Get with other lien holders, come to an agreement to release the liens, in writing.
Next buy the note, then ask the estate attorney to provide a deed in lieu of foreclosure, the borrower doesn't need a good credit standing!
Then pay the other liens.
Now, you own it and can move in.
The discount you get from the note purchase will be interest income and regular income upon accepting the DIL from the estate.
Rent it and be happy! LOL
You don't want to go to foreclosure unless there are significant liens. A note buyer inherits the type of note and regulatory requirements from its making, regardless of that attorney turning a blind eye, you go to foreclosure you can only seek amounts due and costs, it could sell. After you take collateral you still need to seek indemnification for amounts due, selling the collateral, an overage goes to the estate, a deficiency is an estate liability. The attorney's agreement really isn't disposing of the property interests and can linger out there for some time.
Foreclosure may wipe out other liens, depends on what they are, some liens may have priority or they may not be expunged.
In your area, OK., you might buy the note in an LLC and then buy the property personally, or use a straw man to do one or the other, not really an arm's length transaction, but it may not be an issue and title would appear to be cleaner. Don't know how your courthouse runs down there, all RE is local, but notes aren't so much. :)

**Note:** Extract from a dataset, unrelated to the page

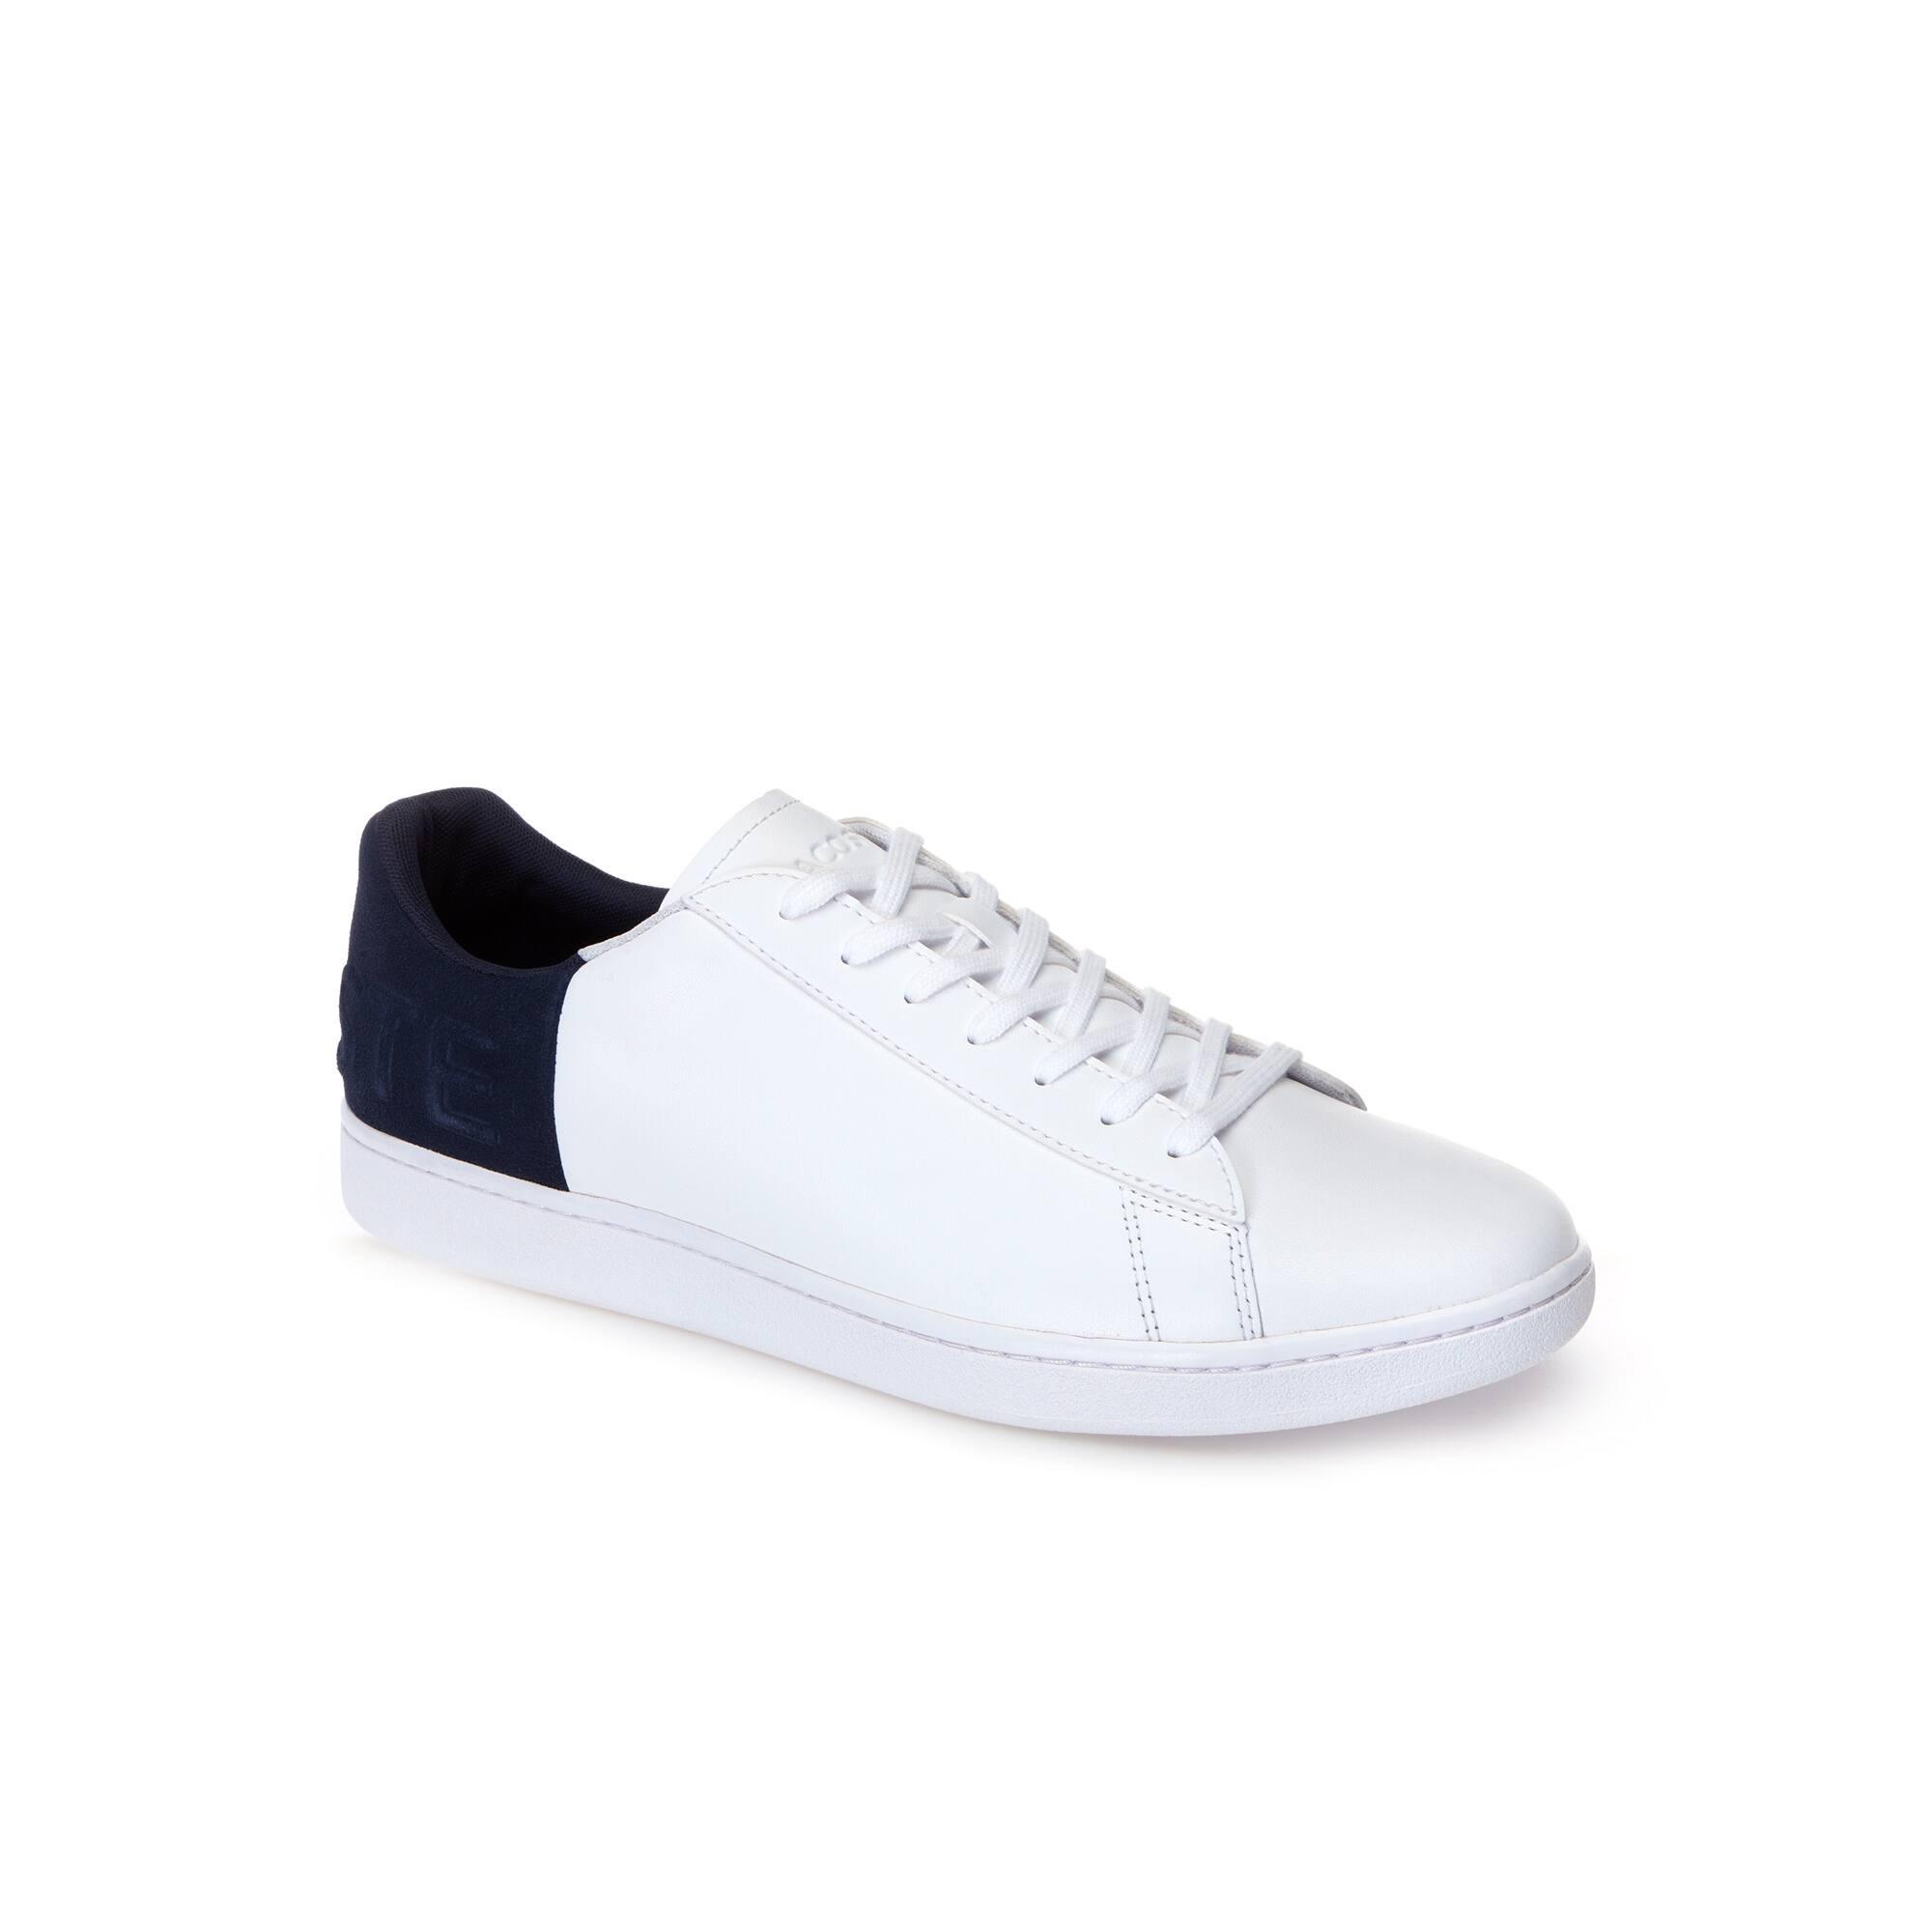 abc489d5542 Sneakers Carnaby Evo homme en cuir et suède ...

Buying the debt does not make you the bank. It makes you the note holder.
Owning the secured debt does not bestow upon you any right of posession as you would only be a creditor, albeit a secured creditor. You might be able to secure the collateral and take steps to protect it, but occupy? No.
In essence, you would have a similar problem as a lender wishing to negotiate a deed-in-lieu (aka DIL on these forums). The challenge is that you need someone with legal power to pass title (probate administrator or ?) as opposed to gaining title via foreclosure.
This is compounded when junior lien holders and other estate creditors have claims that must be negotiated in order to complete the transfer of title from estate to you or your entity.
Quite a few miving parts, so make sure that you are up to the task and don't rule out the option of completing foreclosure to clear title of other creditors and claims.